• Data section:
▼▼▼
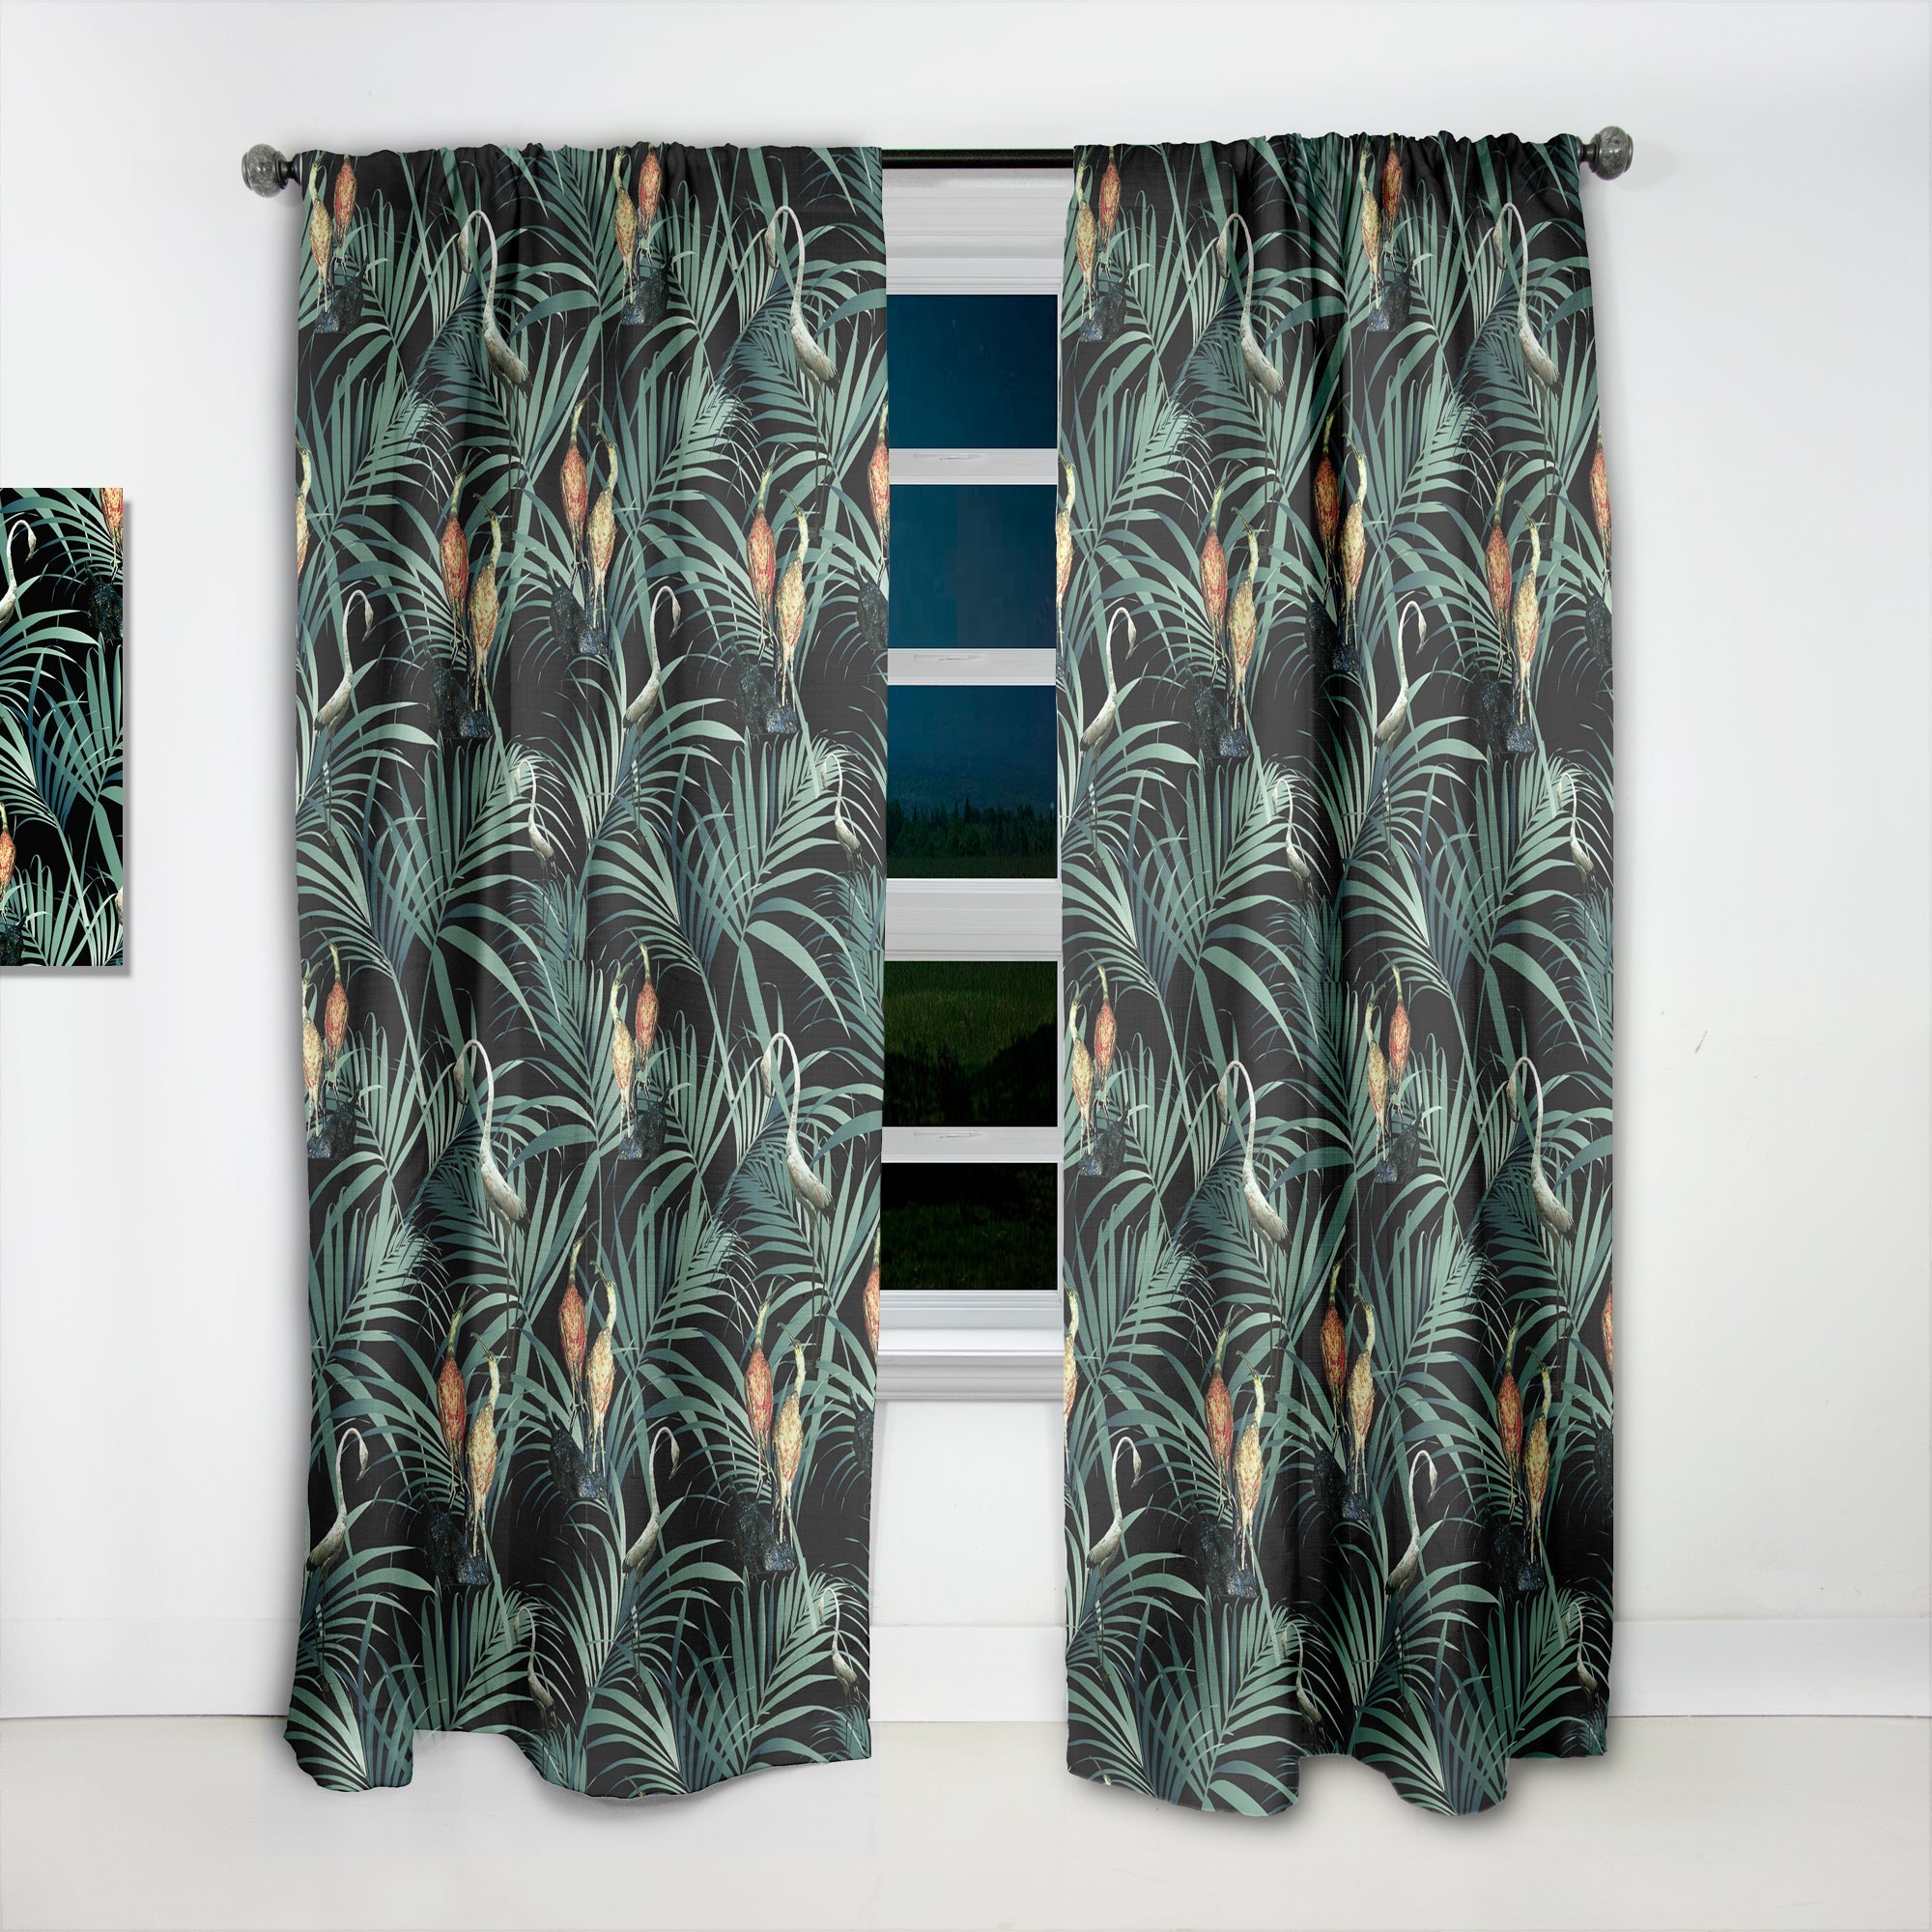 Tropical Yellow Birds On Black With Green Jungle Leaves' Abstract Curtain Panel
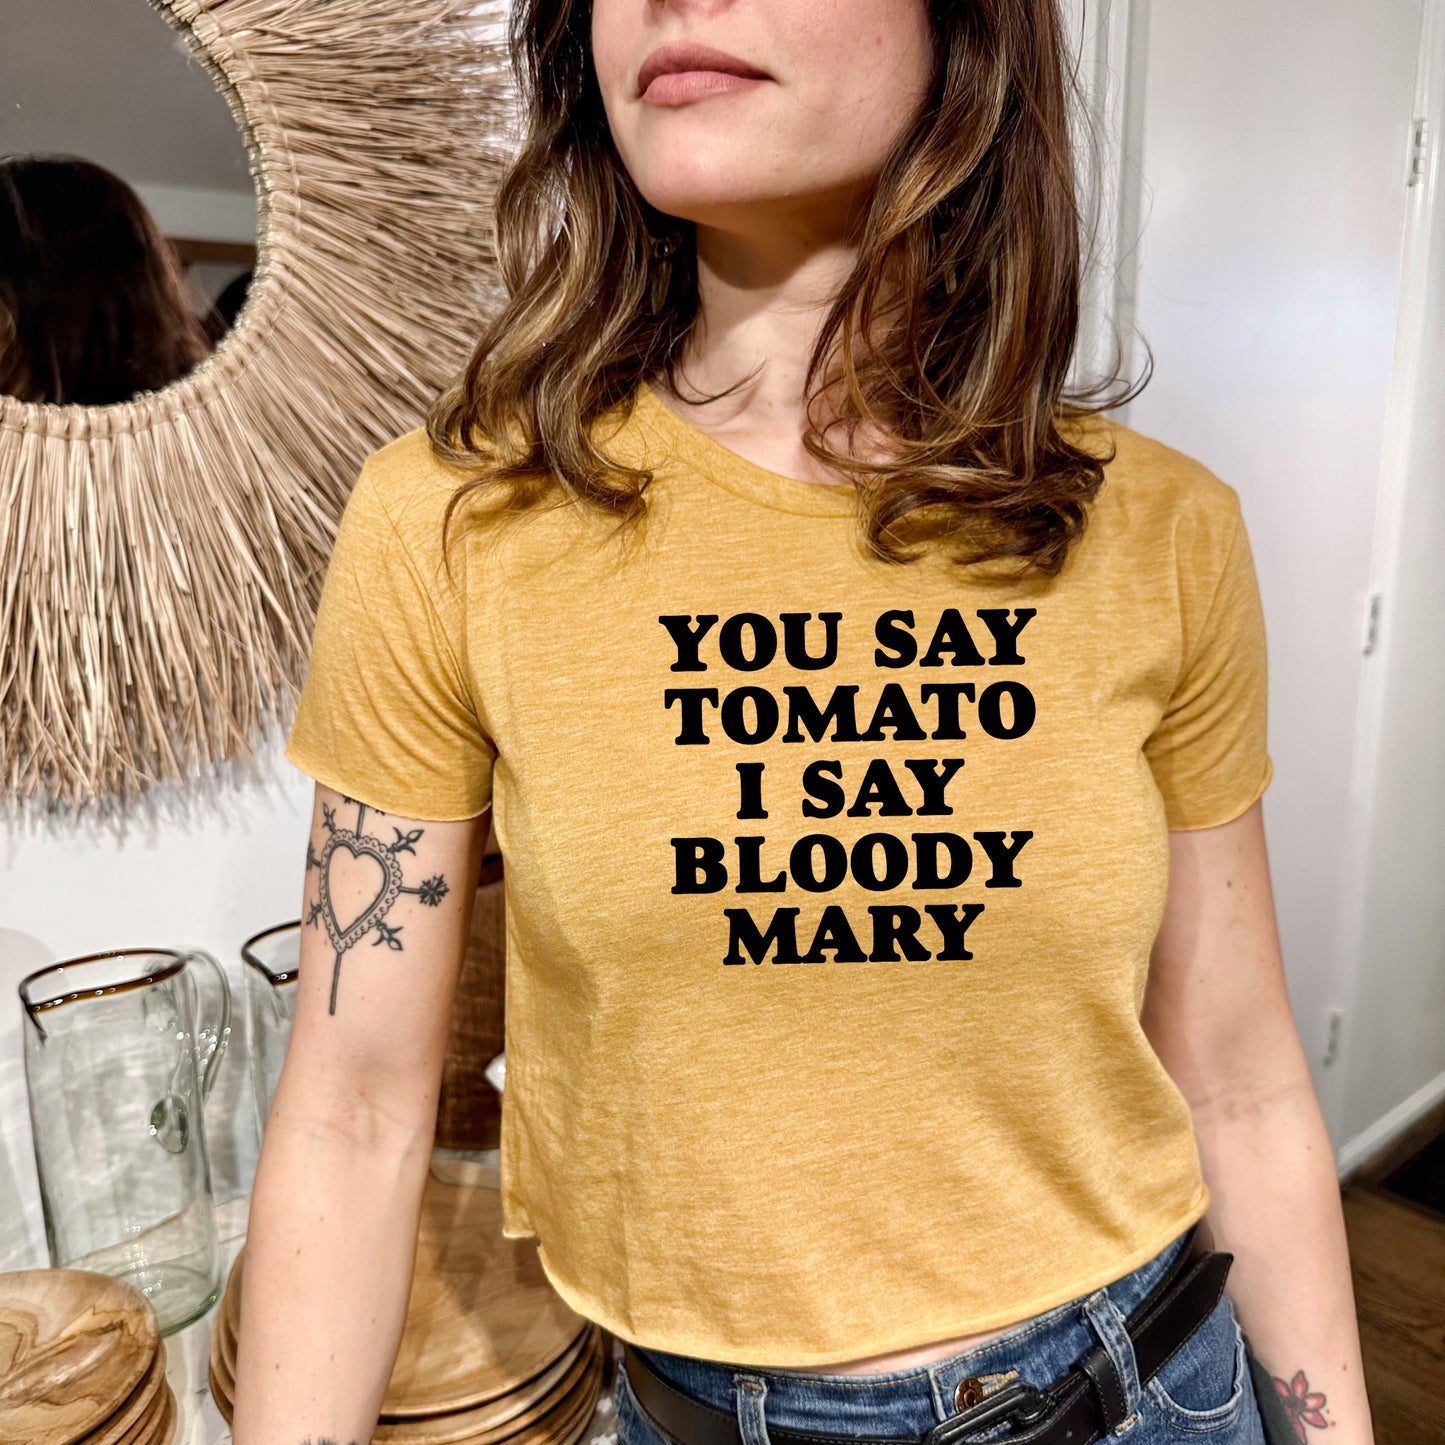 You Say Tomato I Say Bloody Mary - Women's Crop Tee - Heather Gray or Gold
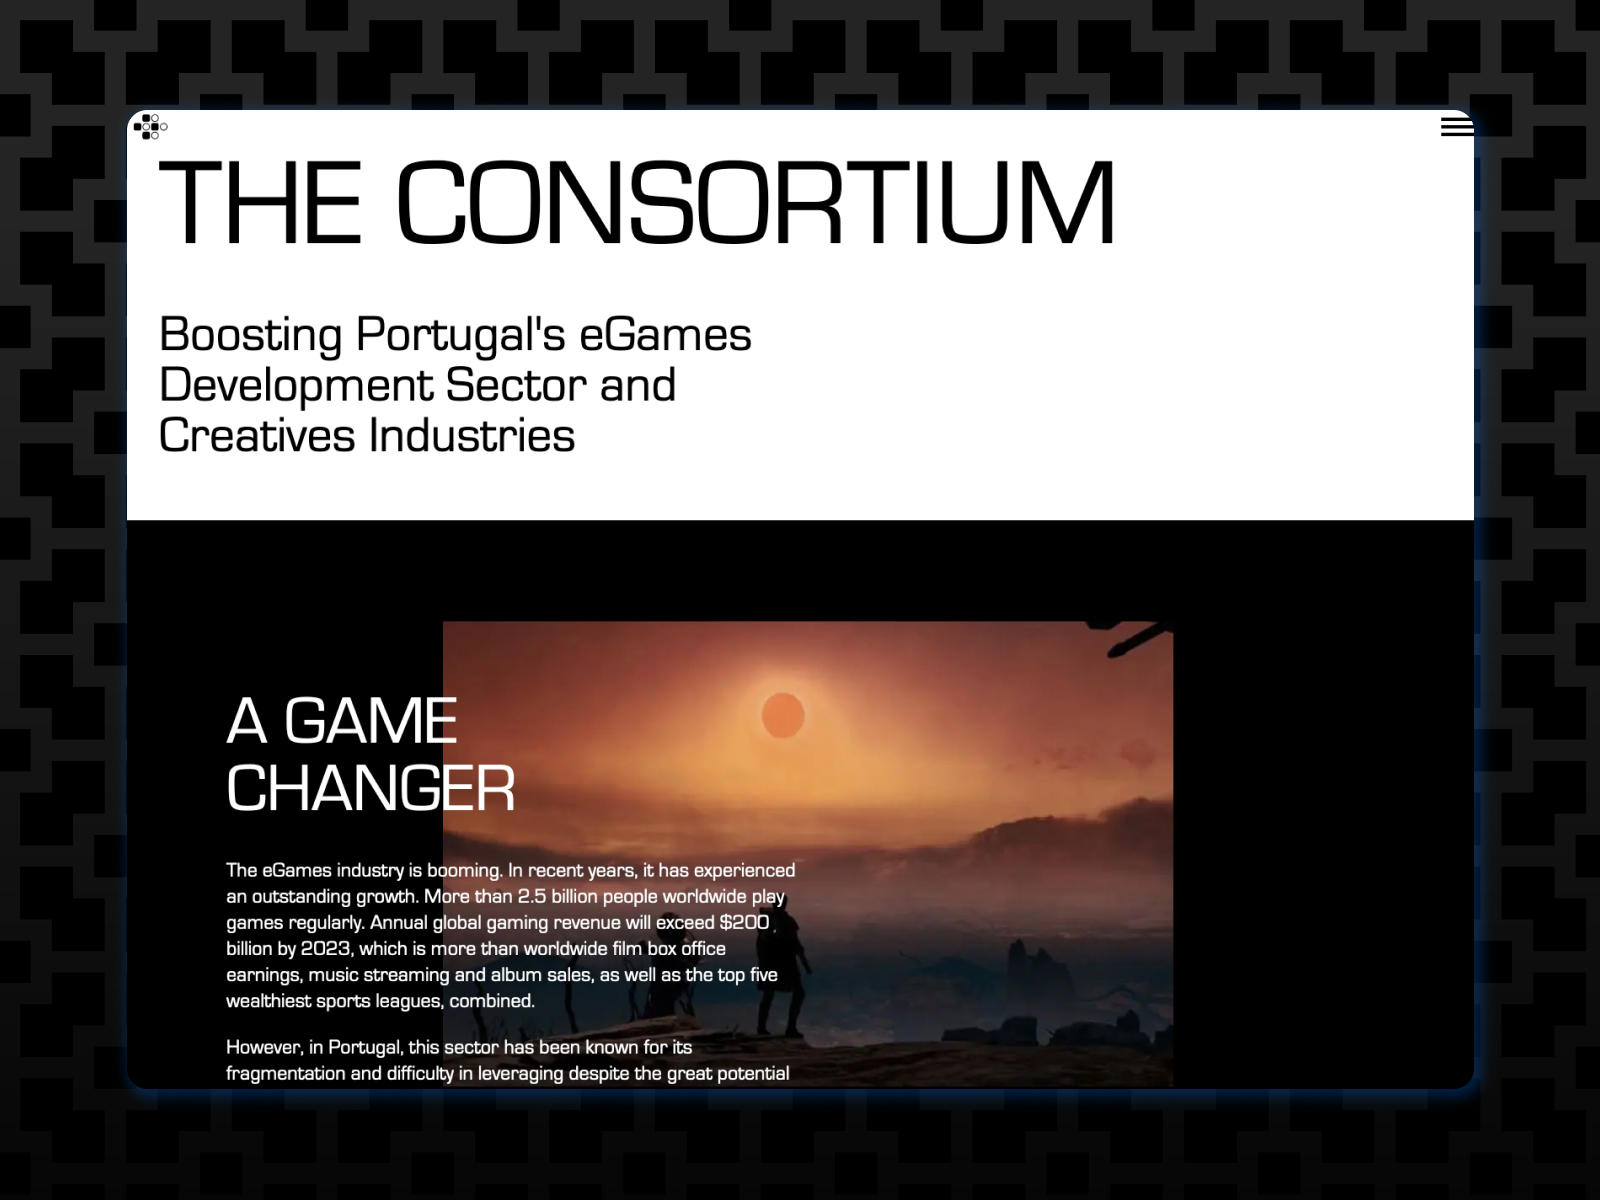 The Consortium content page
▲▲▲
• The problem: Copy out every line of the material above exactly, skipping the pictures.

• Worked solution:
 Tropical Yellow Birds On Black With Green Jungle Leaves' Abstract Curtain Panel
 You Say Tomato I Say Bloody Mary - Women's Crop Tee - Heather Gray or Gold
 The Consortium content page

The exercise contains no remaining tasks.